You cause some to be stricken with discomfort, because of her appearance. Their lack of understanding causing them to recoil. Or, the most heartbreaking, move away from her. The reactions that you have caused have pulled from me grossly misplaced anger. A fire that burns with the fire of a thousand suns longing to burst forth. Only to be choked back by fighting tears and a forced smile.
Your involvement in my daughter’s life has resulted in nine painstaking surgeries. Nine times that I have had to face the veneer of the same room and the macabre that it entails. My God, how much I hate that room. Nine times in our lives that minutes have ticked across the clock like days, and ceaseless prayers have been uttered. Our hearts never beating out of fear of breaking. Nine times that endless days have been taken away from my little girl’s life. Days that she should be running around and playing. That the world should be filled with the sounds of her laughter. Carefree days of blessed childhood. Not hooked up to machines. Recovering from her body being cut open and parts of her fixed.
Nine times that I have been on the verge of a total breakdown, feeling like a crumpled tissue in a trashcan. Nine times that I have had to hold fast to my worries and thoughts to be there for my daughter and the rest of my family. Countless times that we have walked into a doctor’s appointment wondering if we were going to be told to get ready for another round. Nearly six years of vacation time being spent in the PICU. Not at the beach, camping, visiting family, experiencing the world.

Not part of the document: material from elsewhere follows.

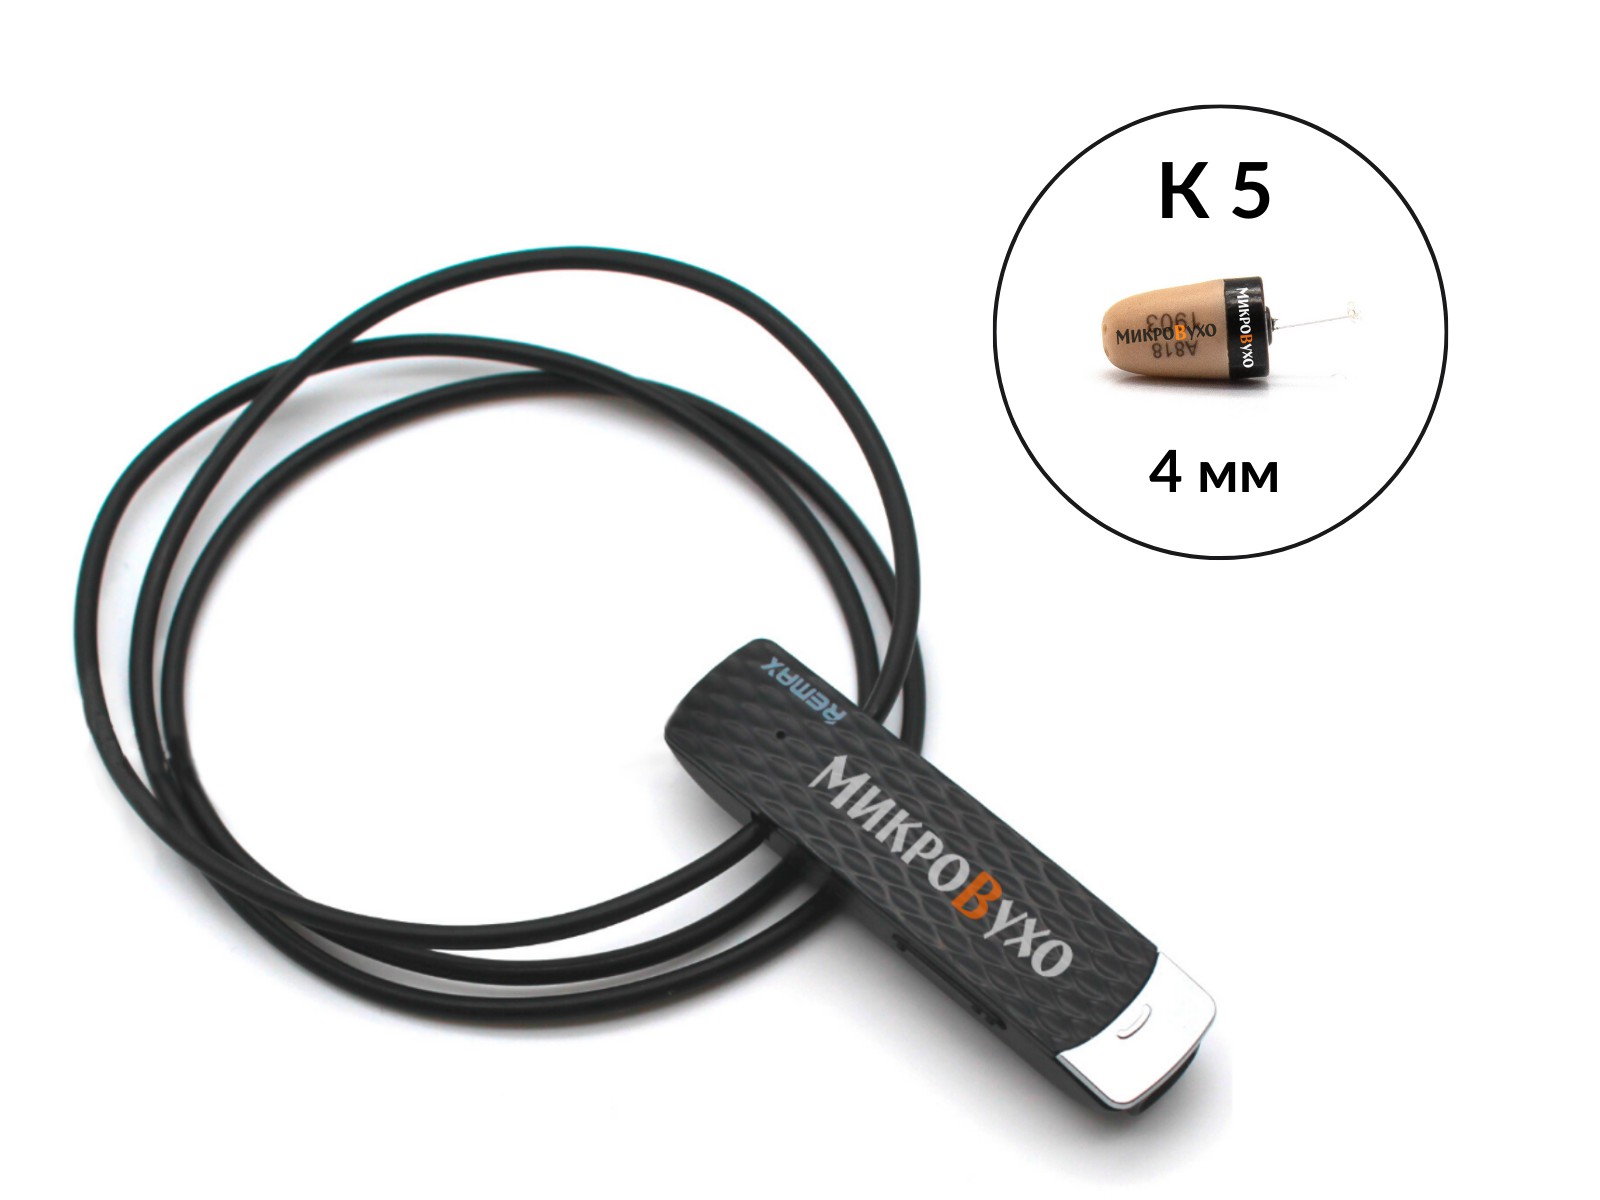 Гарнитура Bluetooth Remax с капсульным микронаушником K5 4 мм 1

I needed to teach my three year old son to say your name. Craniosynostosis. A name that I could not say for the first six months of knowing you.
For all of these reasons, and the ones that I have not listed… I have hated you.
But six years is a long time, dear craniosynostosis.
Dear cranio (I can call you that now) over time I have grown to love you.
Looking back, I cannot fully explain how I came to this place. However, I realize that by you taking all of my gut-wrenching fears and feelings of inadequacy, and putting them out there, you have compelled me to become something that I may have never been.
You have made me a better dad.
You have provided me with countless chances to see my beautiful, amazing, daughter be strong when she had no choice. Letting me know that she is going to be even more so as she grows. Nine times you have shown me that I can, much like my daughter, be strong. Nine times you have let my wife rest her fears upon my shoulders and allowed me to carry the burden for her. You have not given me a choice in this, just like you did not give my daughter that choice.
For nearly six years you have given me time to watch my daughter show us all how strong she is, and in turn how strong I am. You have freed me from meaningless trips to the beach and replaced it with time that I never would have had. You have slowed my tongue and increased my knowledge on things that no parent should ever need to learn, but many would benefit from.
Nine times, in fact all the time, you have taught me to value the moments like they are the last, to strive for every minute of every day to contain an hour of love.
Hearing my three year old son say “Craniosynostosis” makes me smile. Seeing how he loves his sister eclipses so much doubt from my mind. Slowly, but surely, those illusions of grandeur that I thought were lost, are coming back. Re-framed with you in mind, but even more amazing.
Craniosynostosis, you have not broken me, or my daughter.
In the forges of your angst, you have hardened me, to be the rock that my family, and especially my daughter, can find strength, love, support and compassion when they have exhausted themselves, and any other time that they need it.
You have shaped and molded me into a strong and unyielding force, much like you did my daughters skull.
You have formed me into the father that my daughter not only needs, but deserves.
I am no longer afraid of you cranio.
In fact, I see your involvement in my daughter’s life, and in turn my own, as a badge of honor… and I display it proudly.